Après ces toiles en noir et blanc, Hackney a créé des toiles avec des motifs plus colorés, basés non seulement sur
les parties de Duchamp, mais aussi sur une variante de jeu d’échecs unique que Duchamp proposa pour la première fois en 1920. ... Dans ce jeu, la couleur représente les mouvements de la reine, du fou, du cavalier et de la tour,
tandis que les rois et les pions conservent le noir et le blanc traditionnel. Les reines sont représentées par un vert
clair et plus foncé, puisque le mouvement potentiel de cette pièce englobe les mouvements de la tour et du cavalier
qui sont respectivement identifiés par des bleus et des jaunes clairs et plus foncés. Le cavalier, dont le parcours
spécifique ne partage aucune caractéristique avec les autres pièces, revêt différentes valeurs de rouge. »4
Pour son exposition personnelle à la KMD, l’artiste a entamé une série supplémentaire qui comprend de nouvelles œuvres sculpturales spécifiquement conçues pour la galerie inférieure lesquelles – comme le dit Hackney
– « évoquent des sculptures au sol minimalistes – elles font penser à la notion d’alphabet majuscule que Duchamp
avait appliquée aux échecs, et jouent avec l’illusion d’échelle dans l’espace inférieur. »5 Il revisite également une
ancienne variation des Chess paintings où « les mouvements sont peints par paires, de gauche à droite »6. Pour l’artiste « la relativité d’échelle » a été « une idée maîtresse dans la réflexion sur le jeu d’échecs : le jeu existe en premier
lieu en tant que structure englobant un petit ensemble de conditions. En tant qu’idée, cette structure n’a pas de
masse ou d’échelle déterminée. Le dispositif matériel des échecs – l’image du champ de bataille symbolique – est
lui-même soumis à un processus de rétrécissement et de compression. L’activité n’est pas liée à un temps ou à un
lieu précis et peut voyager dans l’esprit. »7
En d’autres mots, les œuvres de Tom Hackney sont directement apparentées au concept de repos instantané de
­Marcel Duchamp, mais elles se caractérisent par un style de peinture qui est propre aux artistes concrets de Zurich :
elles offrent non seulement une nouvelle dimension à l’idée de mouvement, mais apportent aussi une raison enrichissante pour l’appropriation ou la revitalisation de la peinture abstraite aujourd’hui.
NOTES:
1 Marcel Duchamp, Duchamp du signe suivi de Notes, Écrits réunis et présentés par Michel Sanouillet et Paul Matisse. Nouvelle édition revue
et corrigée avec la collaboration de Anne Sanouillet et Paul B. Franklin, Flammarion, Paris 2008, p. 64. Les précisions dans la citation sont
faites d’après The Bride Stripped Bare by Her Bachelors, Even, a typographic version by Richard Hamilton of Marcel Duchamp’s Green Box,
traduit par George Heard Hamilton, Edition Hansjörg Mayer, Stuttgart, Londres, Reykjavik, et Jaap Riekman Inc., New York 1976 (troisième
édition), sans numéro de pages.
2 Max Bill, “Zu Marcel Duchamp,” in Marcel Duchamp, Dokumentation über Marcel Duchamp (catalogue d’exposition), Kunstgewerbemuseum Zürich, pp. 5–11, pp. 7–8. Exposition : 30 juin – 28 août 1960.

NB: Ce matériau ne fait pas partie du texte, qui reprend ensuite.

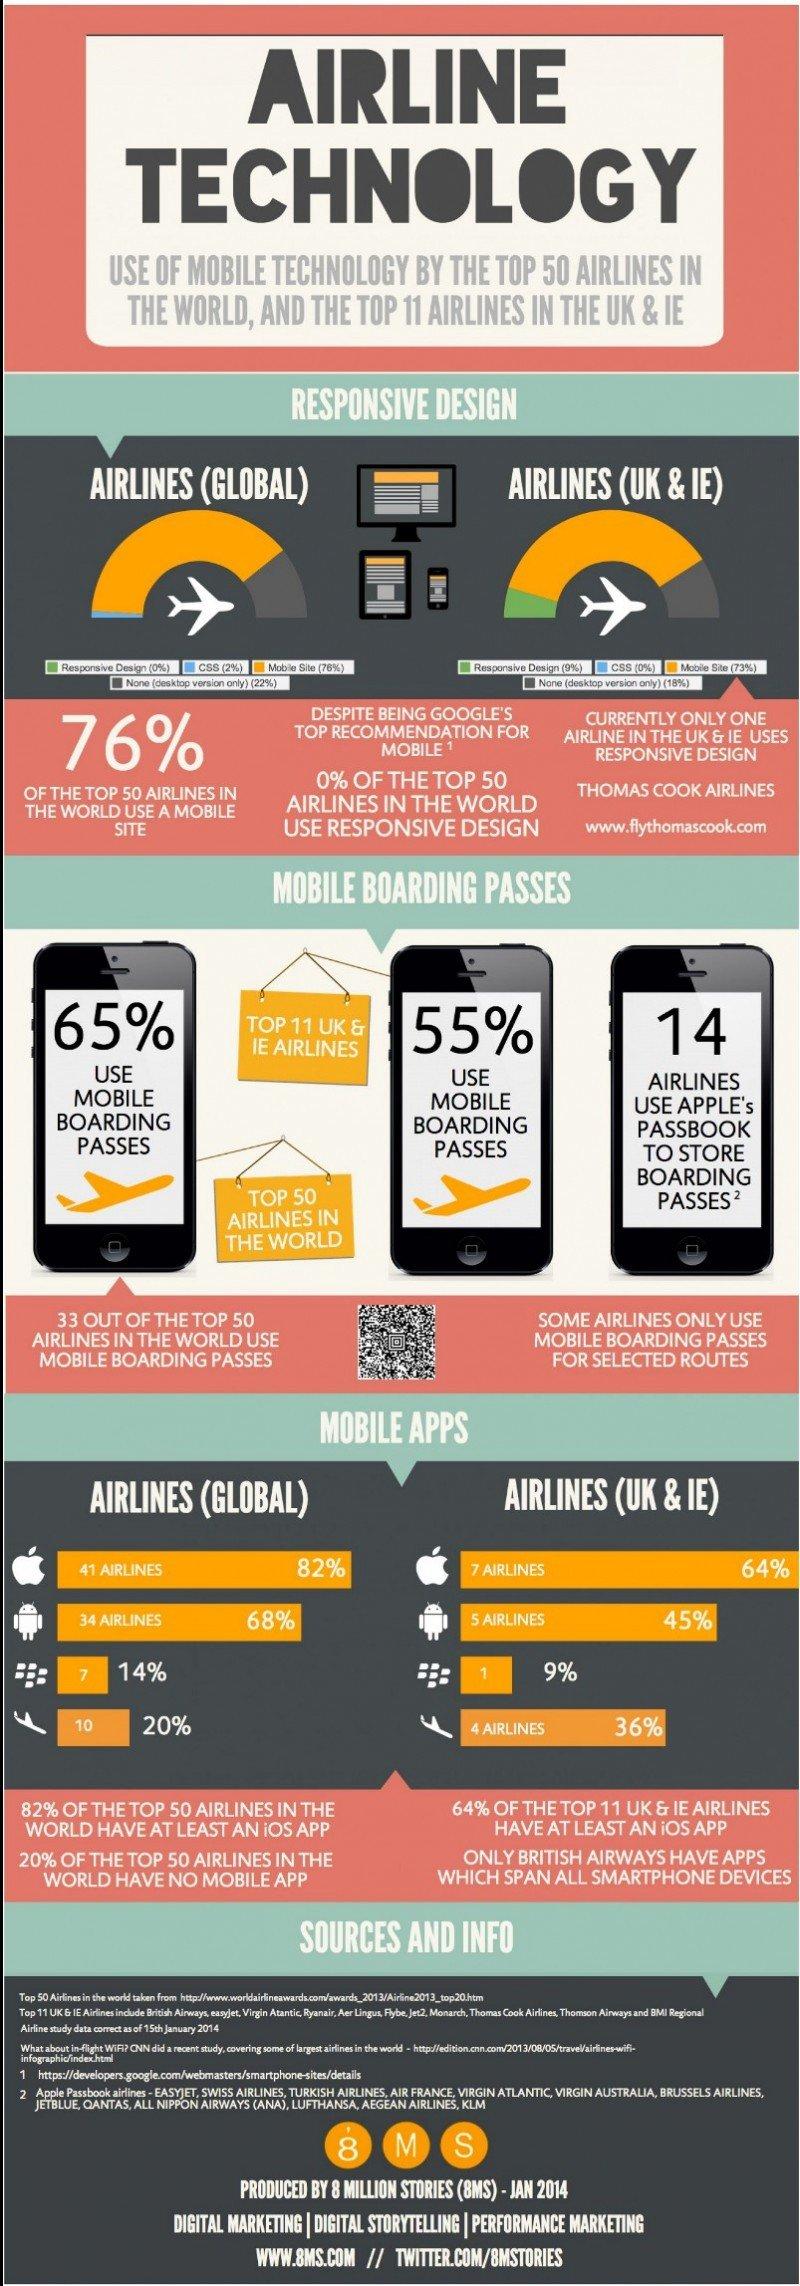 ¿Cómo utilizan la tecnología móvil las 50 principales aerolíneas del mundo?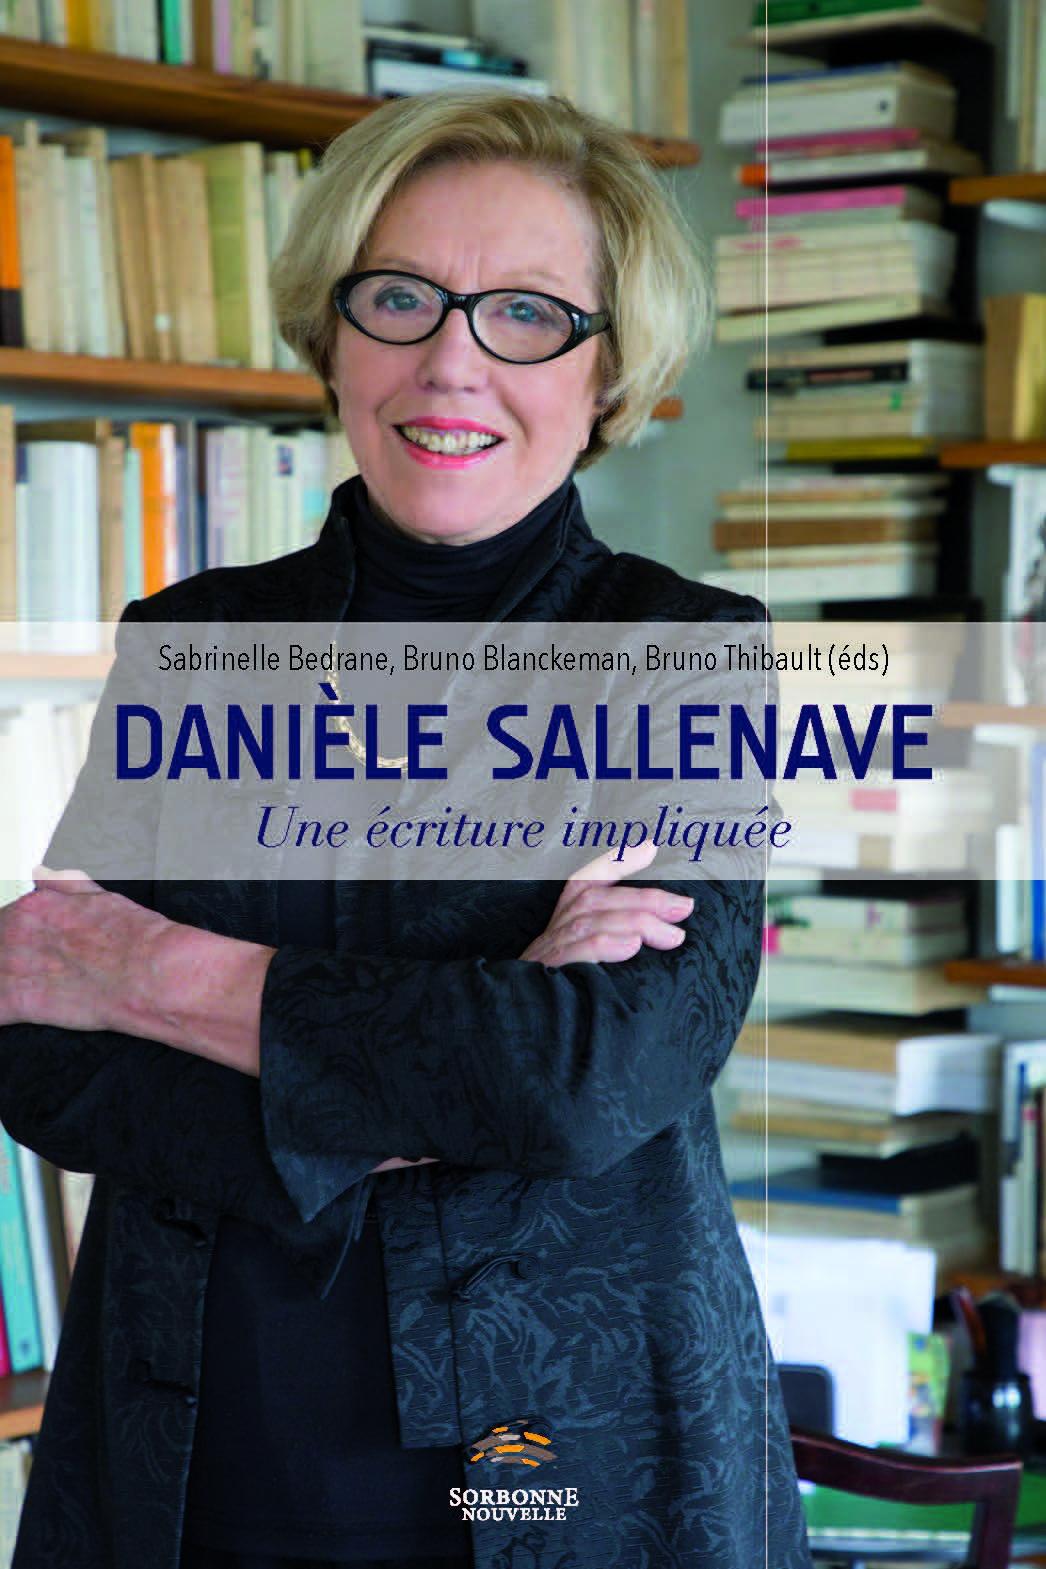 DANIELE SALLENAVE, UNE ECRITURE IMPLIQUEE

3 Marcel Duchamp, Duchamp du signe suivi de Notes, op. cit. (note 1).
4 Bradley Bailey, “Layered Meaning, ” in Tom Hackney, Corresponding Squares: Painting the Chess Games of Marcel Duchamp (catalogue
d’exposition), World Chess Game Hall of Fame, St. Louis, MO, USA, pp. 5–11, p. 9. Exposition : 19 mai – 11 septembre 2016.
5 Tom Hackney dans un courriel à Stefan Banz, 18 octobre 2016.
6 Tom Hackney dans un courriel à Stefan Banz, 21 octobre 2016.
7 Tom Hackney dans un courriel à Stefan Banz, 17 octobre 2016.
TOM HACKNEY (né en 1977, UK) vit et travaille à Londres. Il a obtenu son Master of Fine Arts degree au Goldsmiths College, Londres, en
2008. Parmi ses expositions personnelles récentes figurent Corresponding Squares: Painting the Chess Games of Marcel Duchamp, Francis
M. Naumann Fine Art, New York et World Chess Hall of Fame, Saint Louis (2016) ; Minerals, Ambacher Contemporary, Munich (2015), et
Tremors, Breese Little, Londres (2013). Son œuvre est représentée dans diverses collections publiques et privées en Europe et aux États-Unis.